Meralco’s spot purchases of electricity
averaged P8.94 per kilowatt hour in the March 2008 supply month,
PEMC, which operates the Wholesale Electricity Spot Market (WESM),
said in a statement. This was significantly higher than the average
of the spot market for this month, it added.
“During this period, Meralco was mostly buying
during the peak hours when electricity prices were high.
Furthermore, Meralco purchased only 8.07 percent of its total demand
from the WESM,” PEMC said.
Meralco earlier said it had bought 9.15 percent
of its power supply from the spot market in March.
The higher prices in the spot market were driven
by the rise in temperature causing higher demand during the period.
“Just like any market, prices change depending
on supply and demand, and with the onset of summer, increased
temperature caused us to use more electricity, which [usage] results
in higher spot prices,” Lasse Holopainen, PEMC president, said.
Besides the increase in temperature, there was
also a marked decline in the availability and dispatch of coal
plants from 29.9 percent in February to 21.3 percent in March with
Calaca and Masinloc on outage.
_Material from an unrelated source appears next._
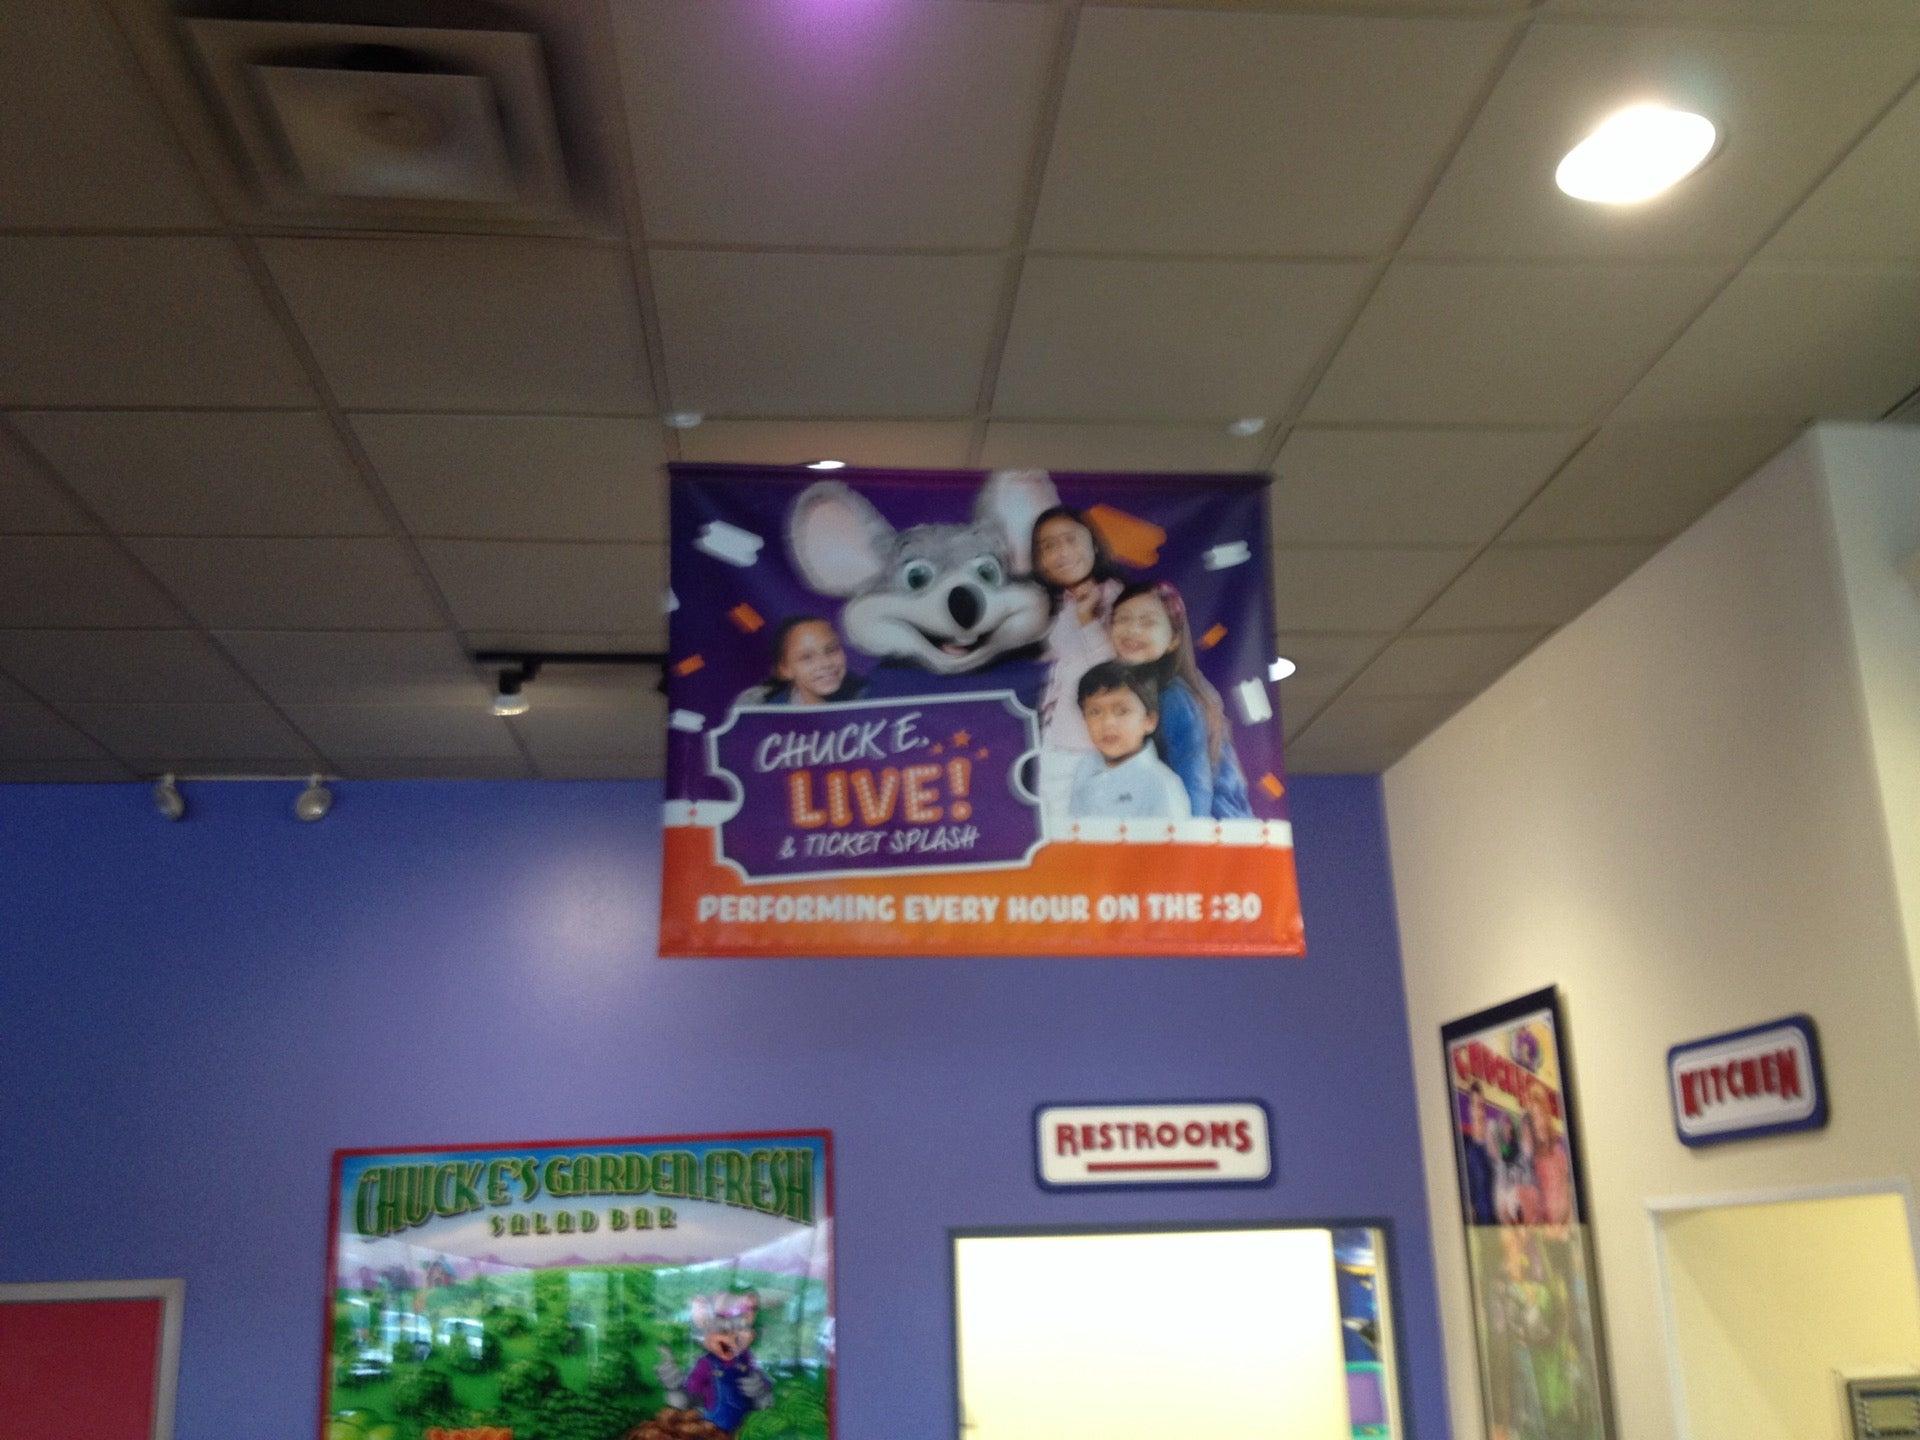 Chuck E. Cheese's,chuckie cheese,chucky cheese,entertainment center,family entertainment,family fun,kids entertainment,pizza

Combined, the plants have over 1,200
megawatts in capacity.
Besides Calaca and Masinloc, other plants were
on intermittent outages during the period as well.
“When the cheaper generators are not
available, the prices rise as well, as we are forced to dispatch
more expensive plants,” Holopainen said.
Much of the energy sold in the spot market was
traded by government-owned and government-administered generators of
the National Power Corp. (Napocor) and Power Sector Assets and
Liabilities Management.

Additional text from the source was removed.